Namun, kini suasana dan aktivitas seperti itu tidak bisa saya jumpai lagi di desa saya. Setelah tenaga sapi digantikan dengan teknologi alat pembajak sawah bermesin, seperti traktor. Sekarang sapi-sapi itu hanya sebagai hewan komoditas, yang diperjual belikan, bukan dipekerjakan.
Masa Depan Buruh Tani
Teknologi bisa membantu pekerjaan petani, salah satu contohnya seperti di atas, mesin traktor yang menggantikan sapi.
Petani di desa saya, mayoritas merangkap sebagai buruh tani. Tapi kemajuan teknologi di bidang pertanian pun kini nasib buruh tani juga kian terancam. Bagaimana jika peran buruh tani digantikan dengan teknologi? Seperti aktivitas menanam padi, digantikan oleh mesin penanam. Saat tiba waktu panen, sudah ada mesin perontok padi yang canggih.
Bayang-bayang itu terjadi di desa saya, tapi keberadaan dan peran teknologi mesin perontok padi untuk memanen jumlahnya baru hitungan jari. Meski sedikit, tapi buruh tani sudah cukup terancam. Sebab dibalik kemunculan teknologi tersebut, ditawarkan pula kemudahan, kecepatan dalam hal memanen padi. Hal itu akan membuat pemilik sawah, akan berpikir dua kali, menggunakan jasa buruh tani atau jasa alat teknologi mesin perontok padi tersebut. Pemilik sawah akan mengkalkulasikan, dan mempertimbangkan segala tawaran dari hasil kerja teknologi dengan hasil kerja buruh tani, serta biaya pengeluaran untuk membayar jasanya.
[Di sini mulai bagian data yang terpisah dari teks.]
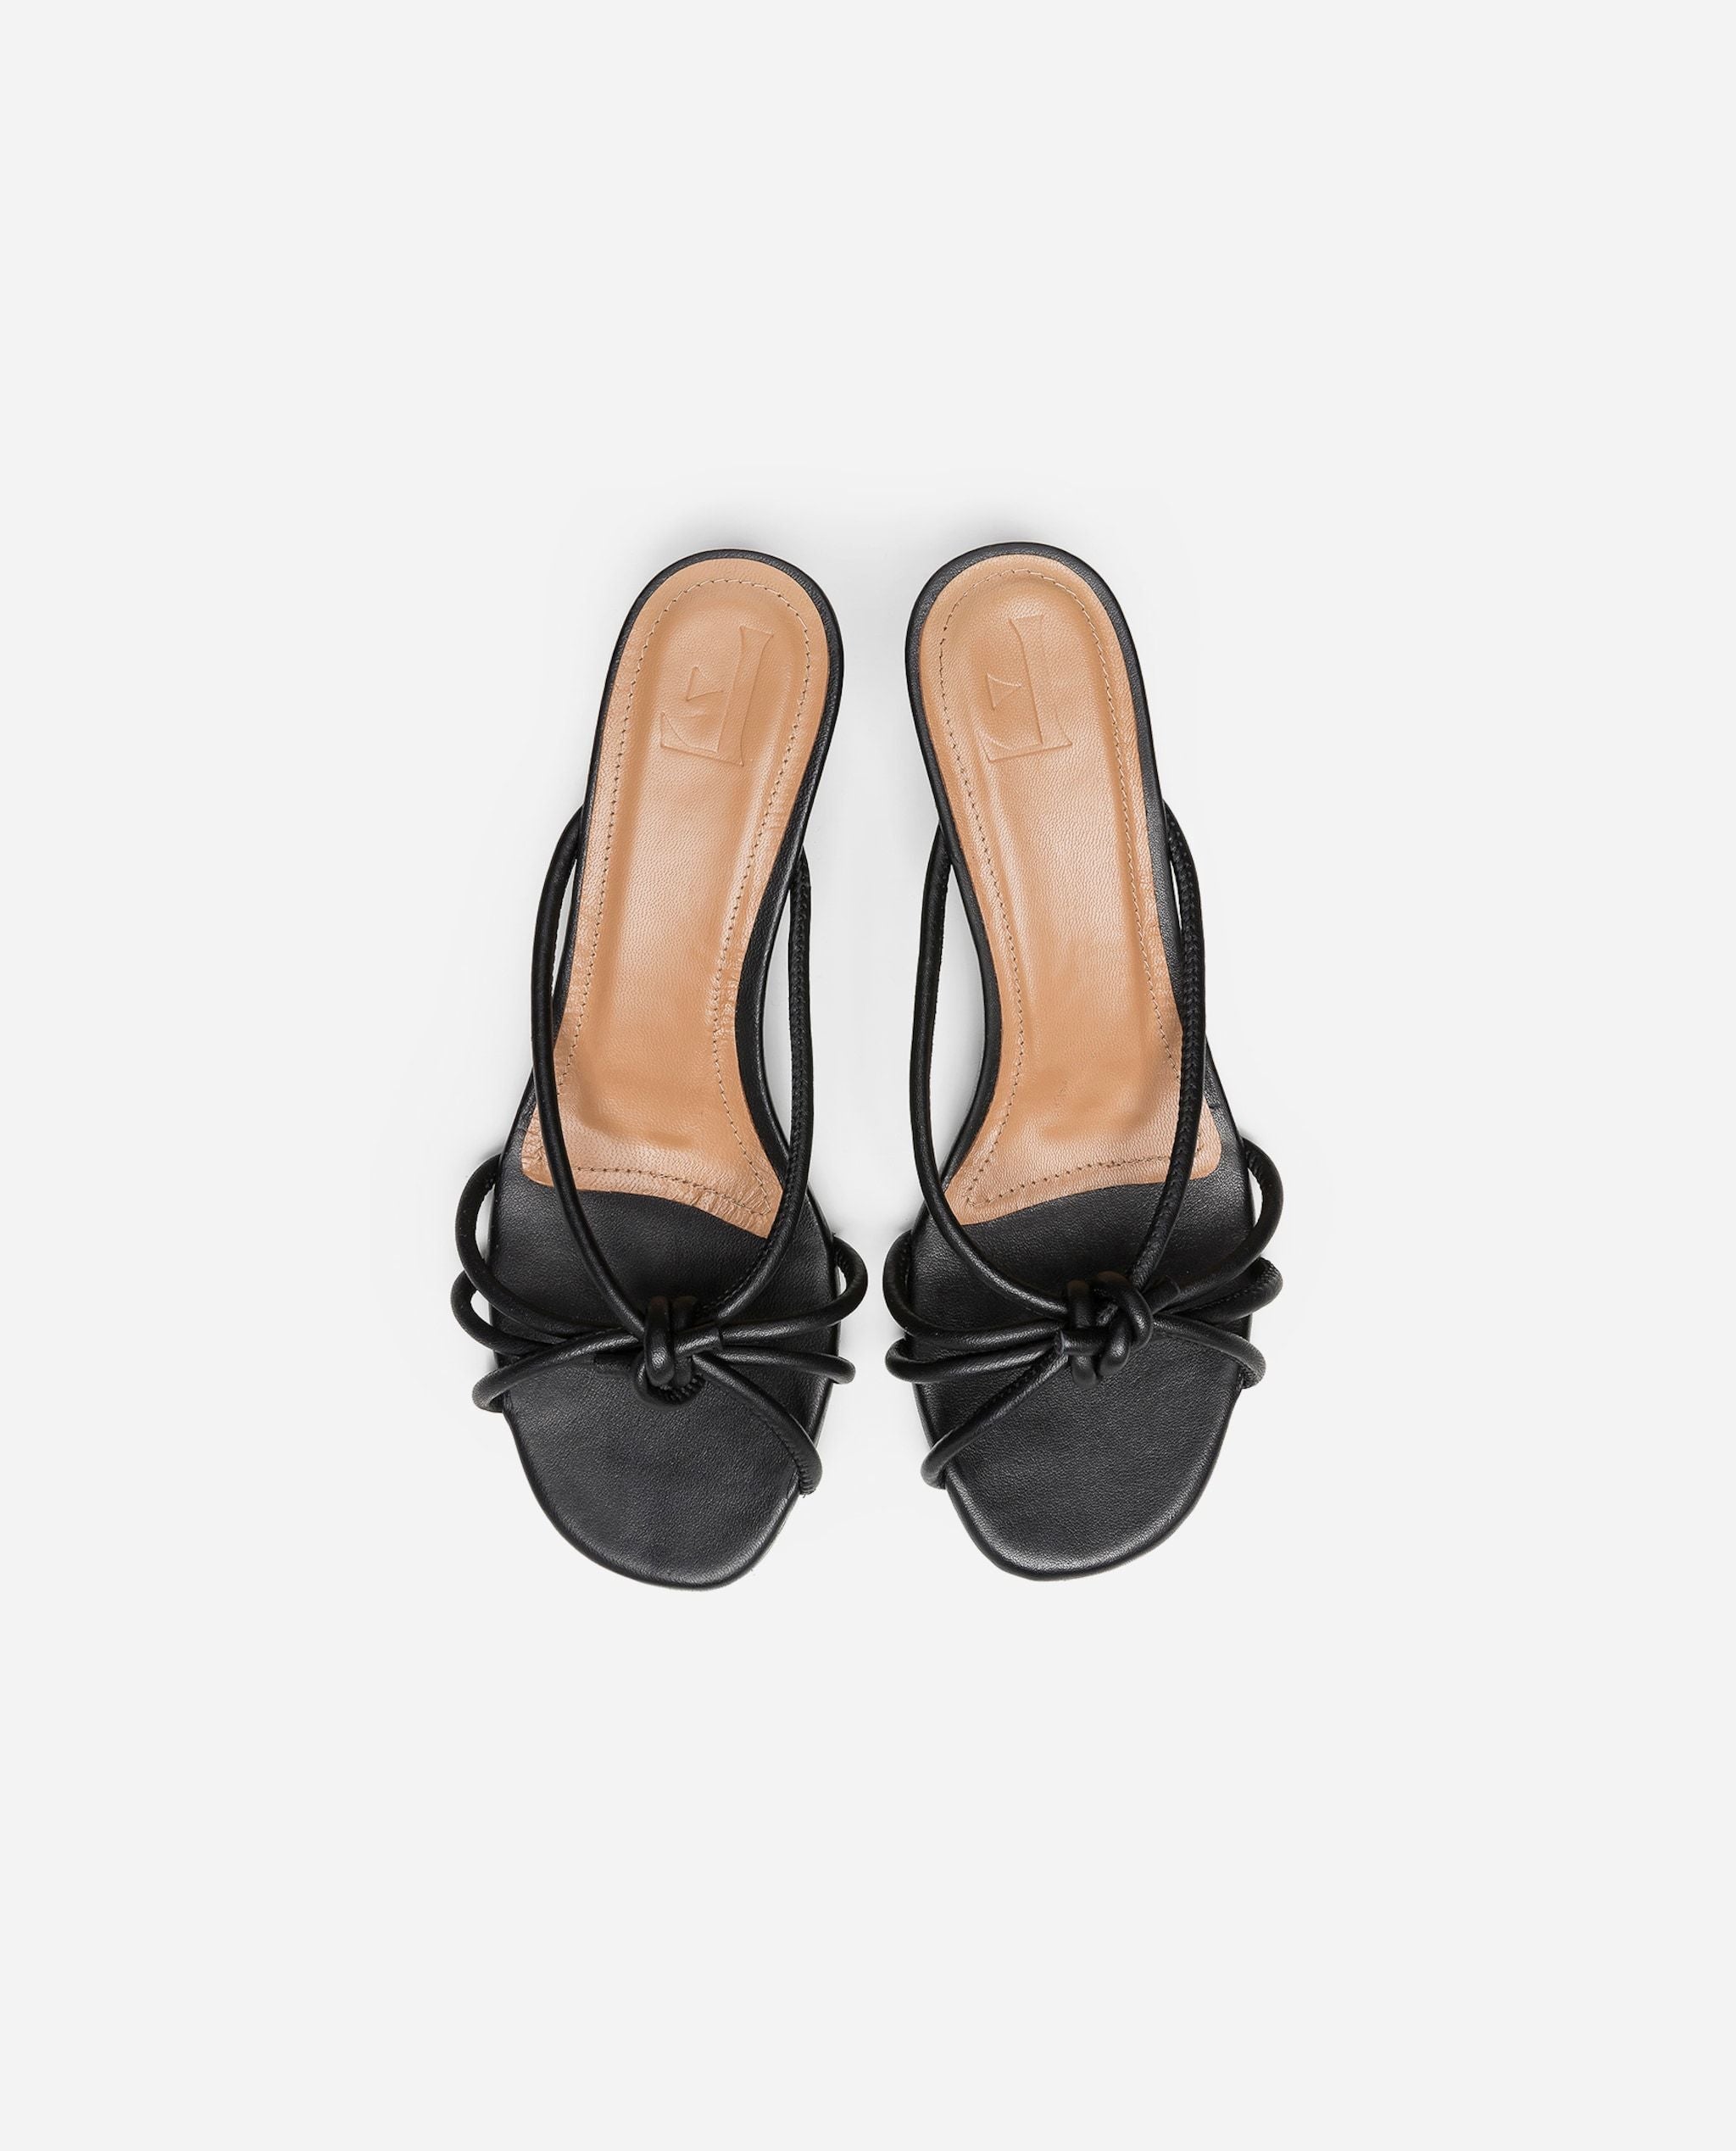 Eunice Leather Black Heeled Sandals 20010411301-001 - 4

Saya akan mencoba memberikan gambaran saat menggunakan jasa buruh tani di desa saya. Harga menggunakan jasa buruh tani untuk memanen padi, dari memotong padi, merontokkan padi, memasukkan padi dalam karung, hingga mengantarkan hasil panen sampai ke rumah pemilik sawah, buruh tani dibayar sekitar Rp80 ribu. Dengan dua kali makan, pagi dan sore hari, ditambah aneka cemilan yang disediakan oleh pemilik sawah. Hitungan harga dari jasa buruh tani ini, menggunakan sistem waktu, dari jam setengah delapan pagi hingga jam empat sore. Kalau melebihi waktu tersebut, dan ternyata pekerjaan memanennya belum selesai, karena faktor luas lahannya maka harga jasa yang dibayarkan dihitung naik, sampai total sekitar Rp100 ribu per orang. Biasanya dalam setiap kelompok buruh tani saat memanen sekitar lima hingga sepuluh orang, tergantung luas lahan dan permintaan pemilik sawah.
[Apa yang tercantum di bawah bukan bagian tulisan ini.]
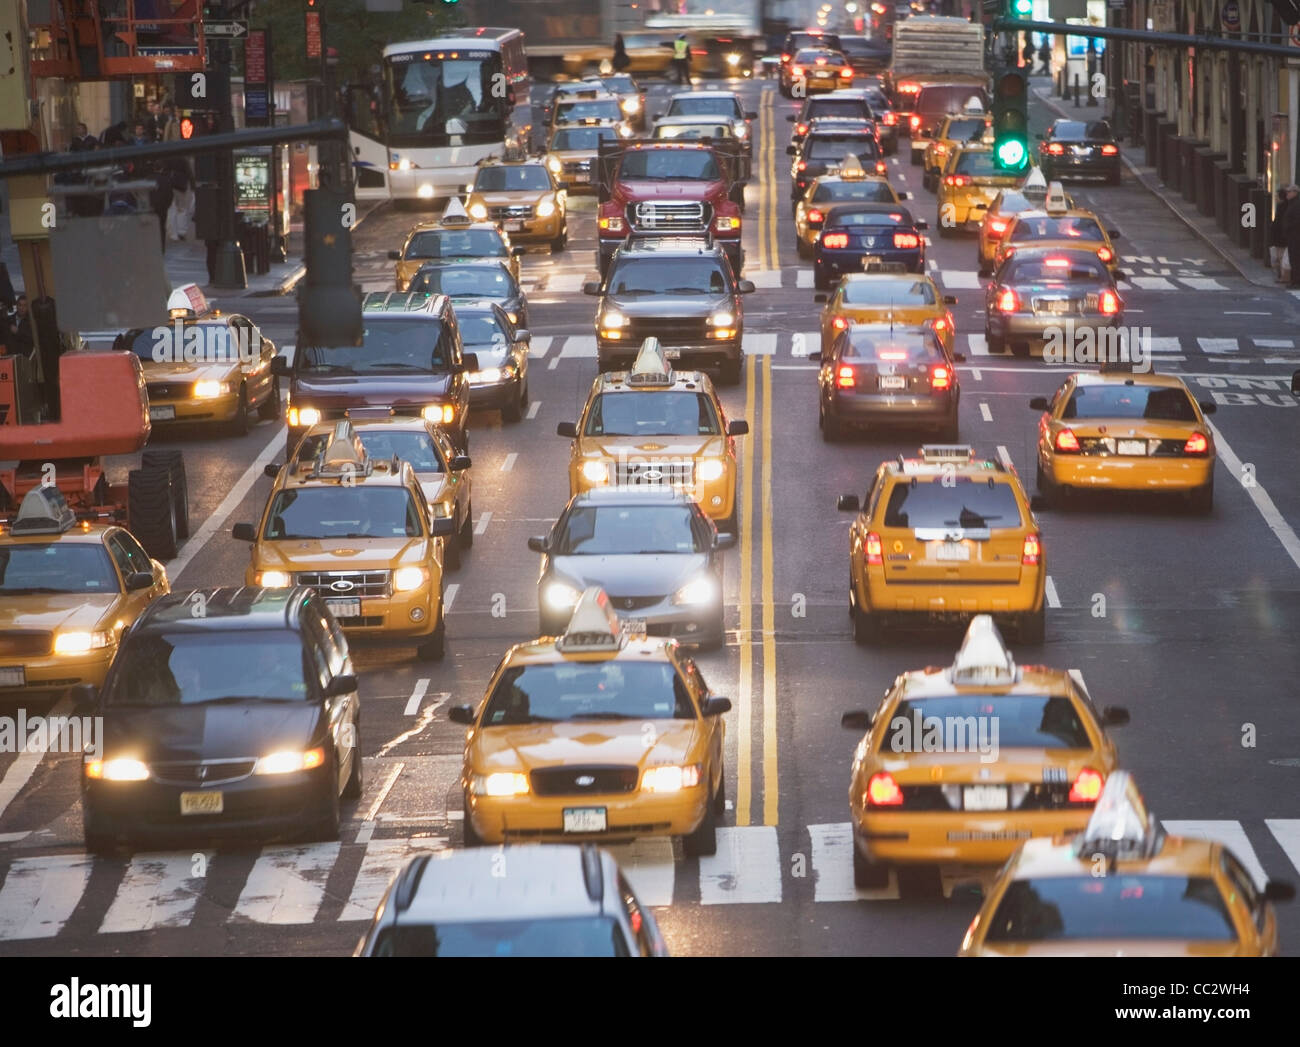 USA, New York City, Manhattan, Traffic stopped at zebra crossing on 42nd street Stock Photo

Sedangkan, untuk alat teknologi mesin perontok padi yang berukuran besar itu, dalam desas desus tetangga, harga jasanya lebih murah jika dibandingkan dengan harga jasa buruh tani. Lebih murah, lebih mudah, dan lebih cepat.
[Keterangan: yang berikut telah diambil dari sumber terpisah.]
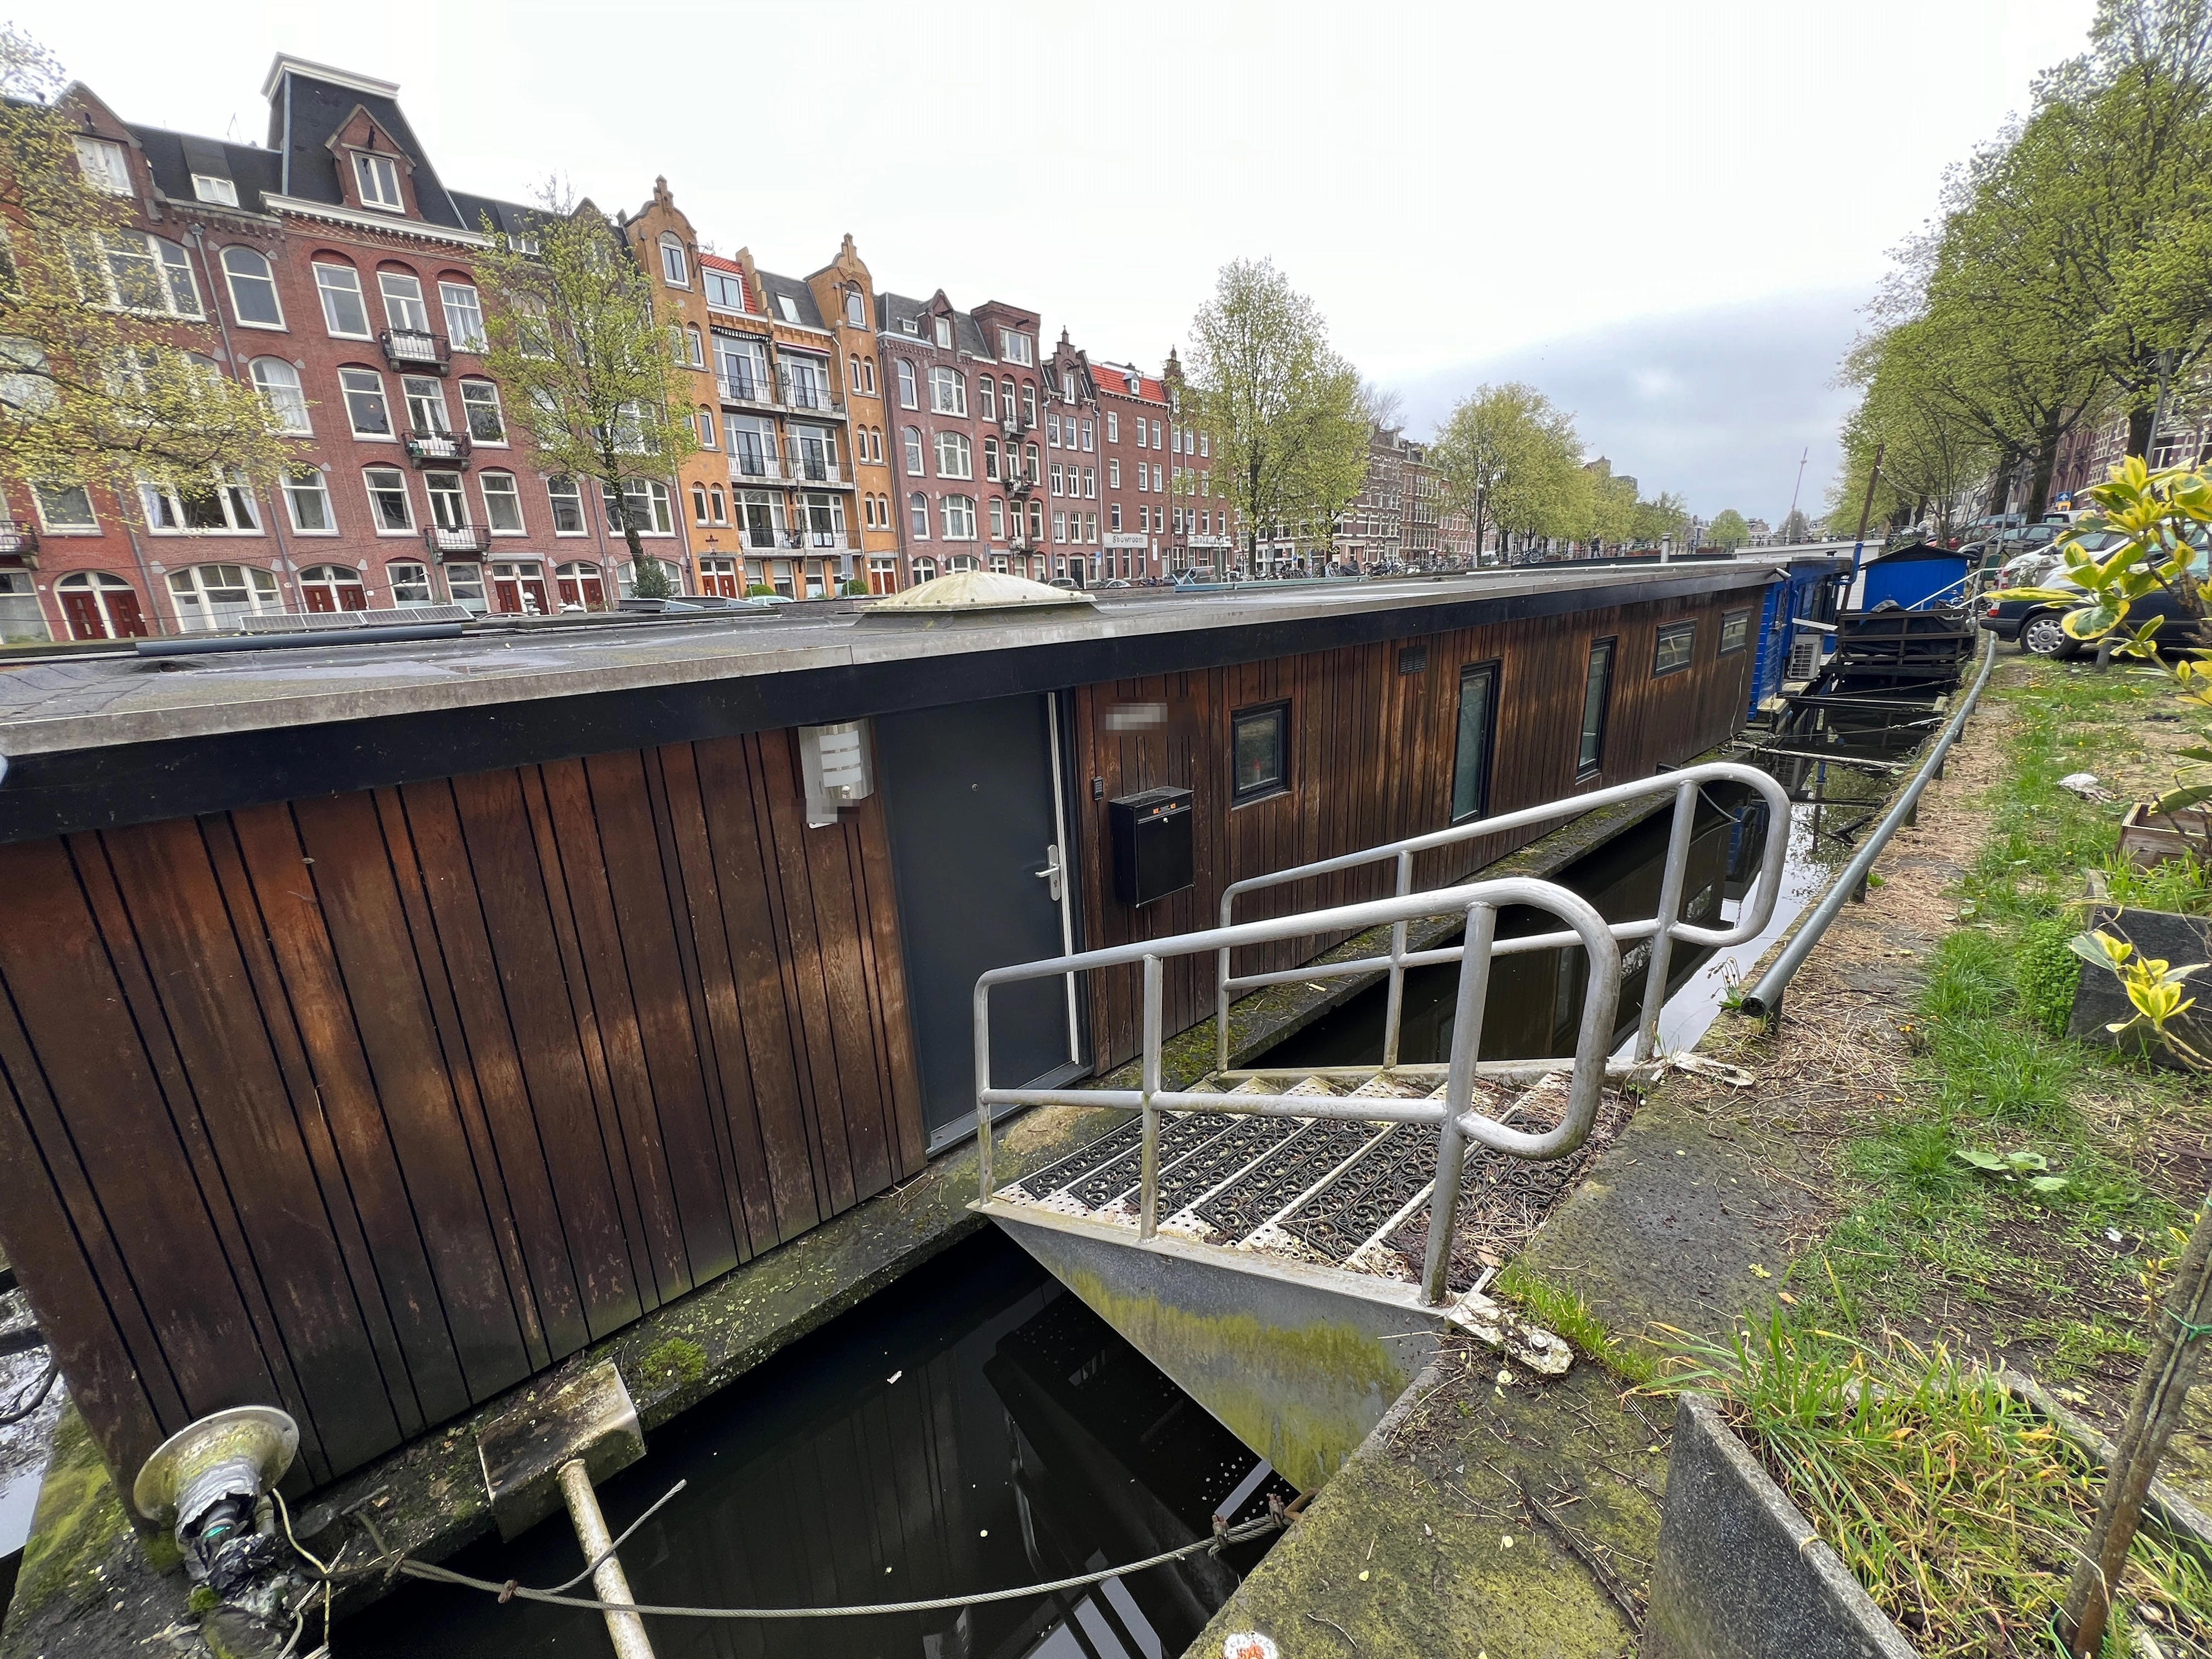 boat trip amsterdam price

Para buruh tani mulai terancam dengan itu, padahal jika diakui perputaran uang di desa, juga berasal dari menggunakan jasa buruh tani, yang saling bergantian itu. Namun jika peran buruh tani digantikan teknologi, maka perputaran uang hanya pada golongan orang kaya dan pemilik mesin tersebut. Lantas bagaimana nasib buruh tani jika lahan pekerjaannya diambil alih oleh teknologi itu? Sedangkan harga mesin perontok padi itu harganya mahal, para buruh tani tidak sanggup untuk membelinya. Dan hanya orang-orang kaya, yang mampu membeli mesin itu.
Sedangkan kebutuhan mereka cukup banyak, mereka harus tetap bekerja untuk bisa menyambung hidup bersama keluarganya. Mereka harus membiayai anak-anak nya untuk sekolah, bagaimanapun caranya. Meskipun harus, menjual tanah pertanian miliknya.
Dalam hal ini titik poinnya adalah jika kemajuan bidang pertanian hanya diukur dari skala teknologi yang canggih, maka bersiaplah untuk melihat para petani atau buruh tani kehilangan sawah, ladang atau pekerjaannya. Alam pun kian terancam, jika masuknya teknologi tidak dibarengi dengan sikap cinta dalam menjaga dan merawat keasrian bumi pertiwi ini.
Teknologi itu netral, ia bisa merusak, merebut, atau membantu tergantung siapa yang menjalankan, di tangan siapa dia ada. [HW]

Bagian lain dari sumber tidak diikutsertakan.